I`m thinking of the way his nose is crooked and beautiful and the birthmark that stains one of his amazing blue eyes. I`m thinking of his calloused hands and how his hangnails assault my soft, small hands when he pulls me closer. These small details are often overlooked by the world, by millions of lovers everywhere. These imperfections are often forgotten in the wake of things that are more pleasurable, more symmetrical, more engaging. But I`m engaged. My goodness, am I engaged by life’s little details, the moments we often forget to thank, the pain that doesn’t always lead to happier times, but that leads to the epiphanies we need to grow.
I can’t find my name on the sign in sheet at the gatehouse on my way out.
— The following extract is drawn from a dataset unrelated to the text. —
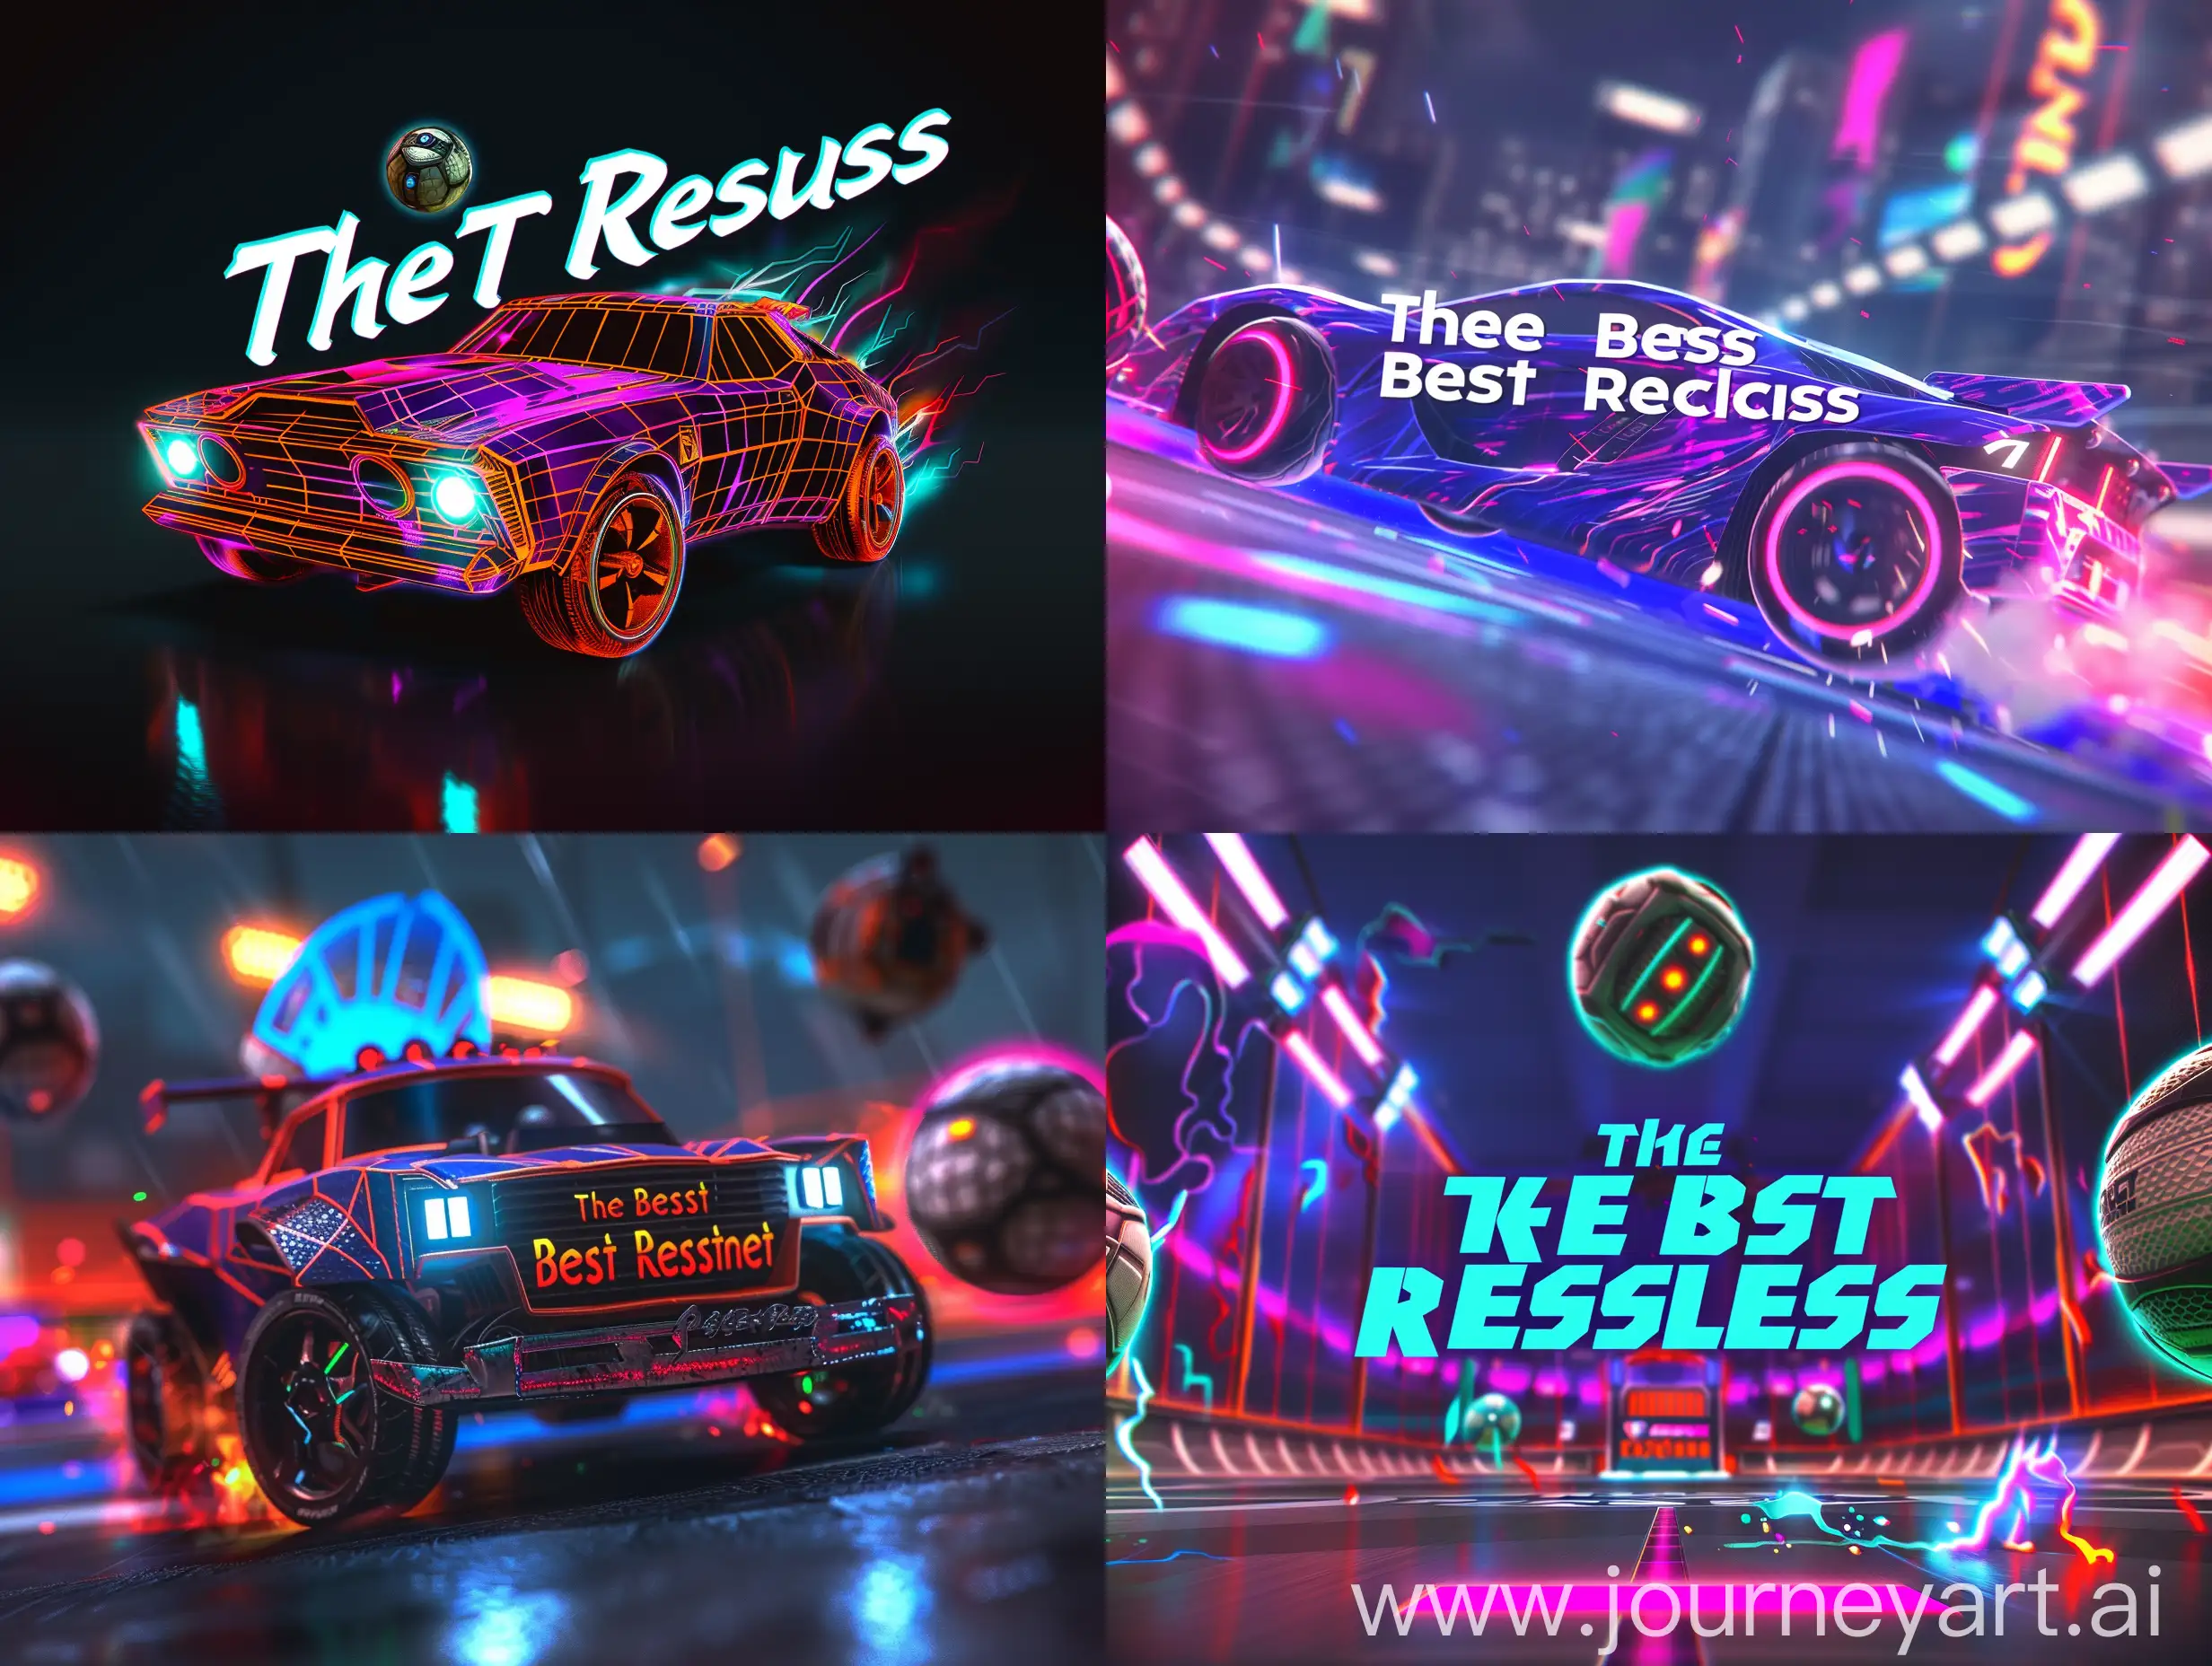 Rocket-League-Best-Replays-Event-Banner-Dynamic-3D-Graphics-with-Shadows-and-Glow

I am flipping through the pages, unfocused. I am panicked because I want to sign out and leave. People are looking at me. I am tired. I wait an hour to see him in all of his blue jean and facial hair glory. I hear a million voices around us that buzz like flies and I am frustrated and I want quiet. I say I want easy. I say I want different. I forgot to thank my hands that shake but write the date. I forgot that feeling panicked means I am alive. I forgot that people looking at me and me being aware means I`m doing something that scares the shit out of me for someone I love. I forgot to thank slow moving moments for patience. I forgot that I am frustrated because I care and my heart is beating and I am in the presence of heaven and hell all at once when I am at the prison.
There are so many forgotten thank yous in my life right now. I am uprooting, leaving another place to be closer to another place made of steel doors, barbed wires, gun towers and I`m scared, devastated, not ready. I forgot to thank that fear for driving my decisions, my quest for staying loyal and in love. I am worried and I am thankful because it’s that worry keeps me breathing, moving, focused.I forgot to thank not being ready because who ever is for greatness? I forgot to thank devastation because feeling too much is better than not feeling at all.
It’s Thanksgiving and while I want to say that I am thankful for all the wonderful, random, amazing, supportive people in my life, I also want to say that I am thankful for every difficulty that leads me to a place of grace and healing. I am thankful for the ugly, the painful, the harsh lessons, the distant light that is far but there. I am thankful for prison, this road,and the scars that make a life worth living.